--- Data extract Enclosed Below ---
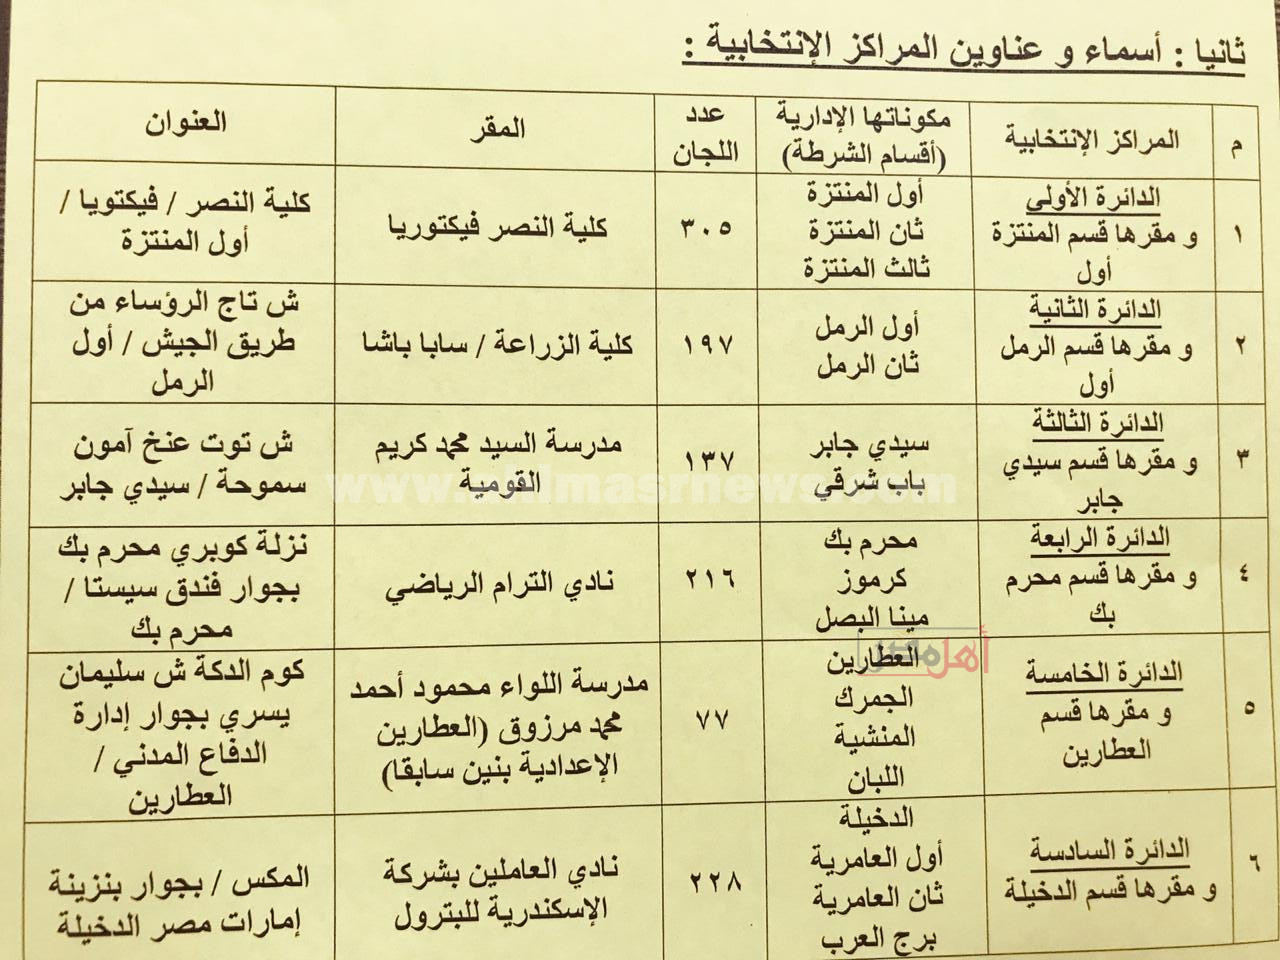 أماكن اللجان العامة لفرز أصوات الناخبين بالإسكندرية
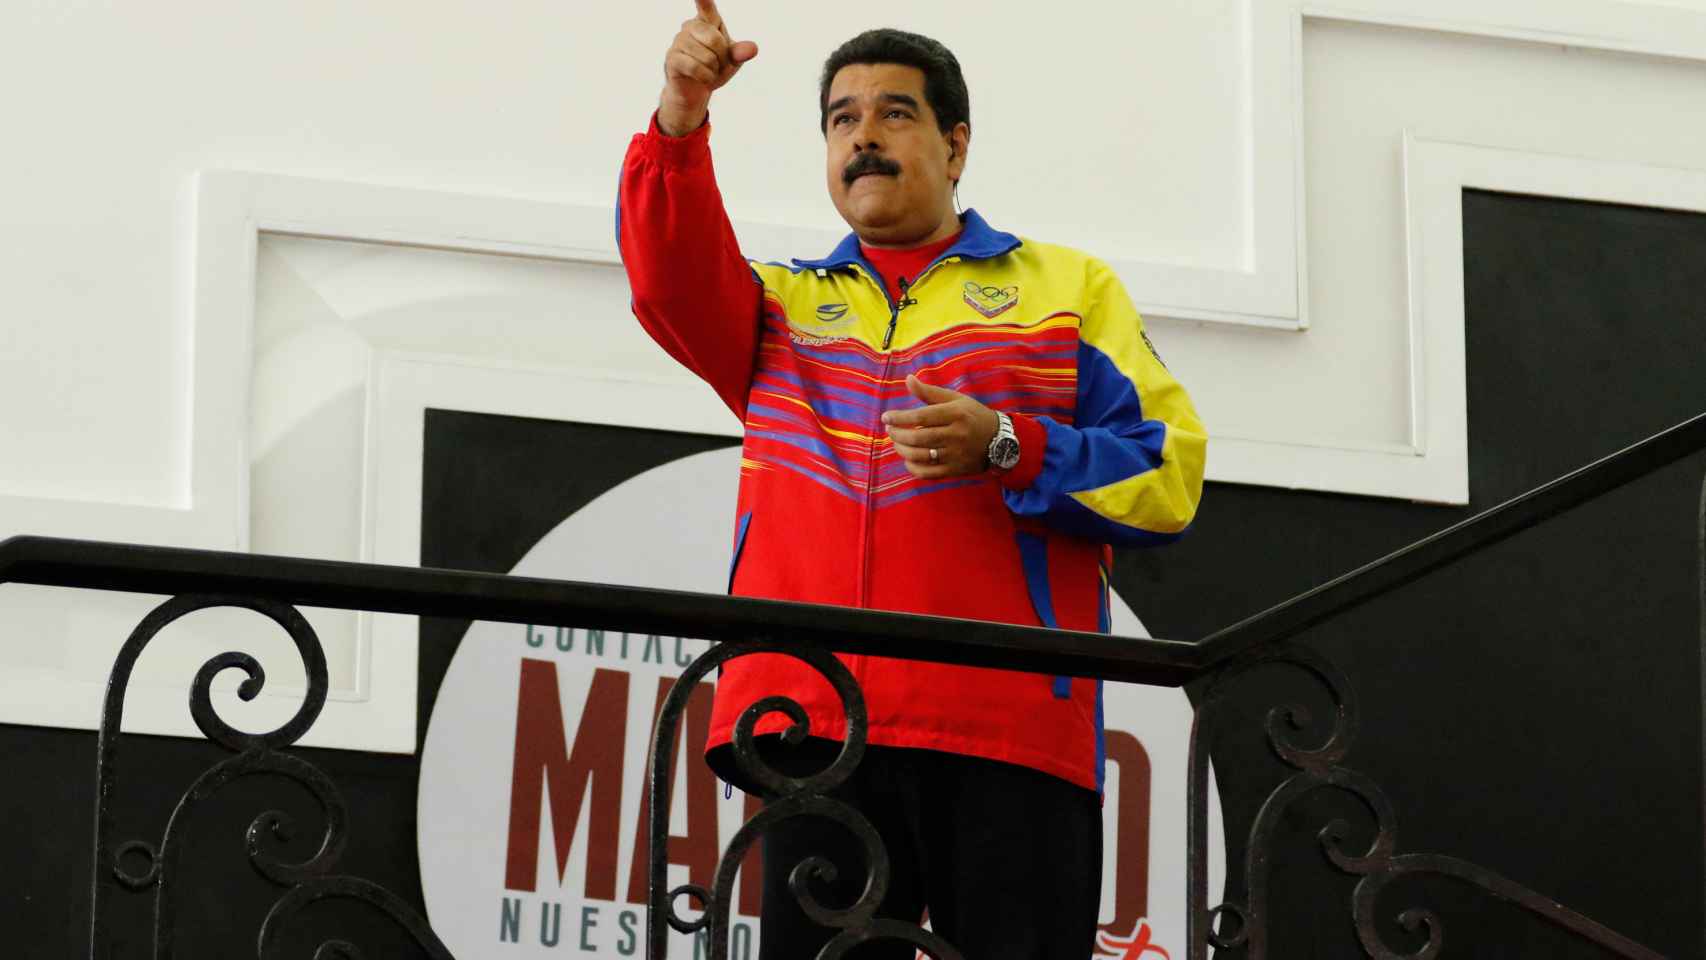 El presidente de Venezuela, Nicolás Maduro.
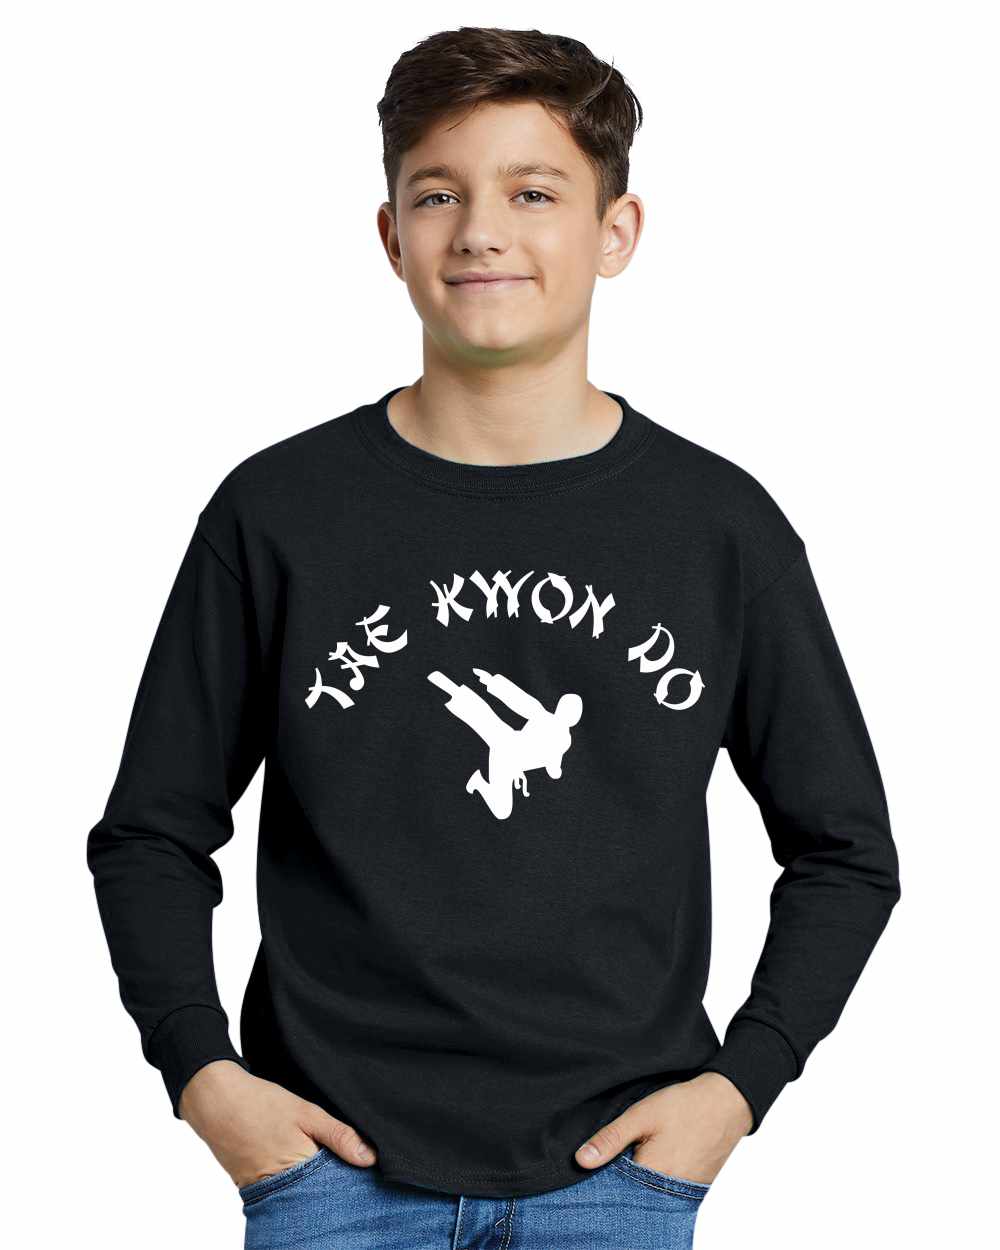 TAE KWON DO on Youth Long Sleeve Shirt (#748-203)
--- End of Enclosed Data extract ---
Omit the pictures and reproduce the listing exactly.

# Reply:
 أماكن اللجان العامة لفرز أصوات الناخبين بالإسكندرية
 El presidente de Venezuela, Nicolás Maduro.
 TAE KWON DO on Youth Long Sleeve Shirt (#748-203)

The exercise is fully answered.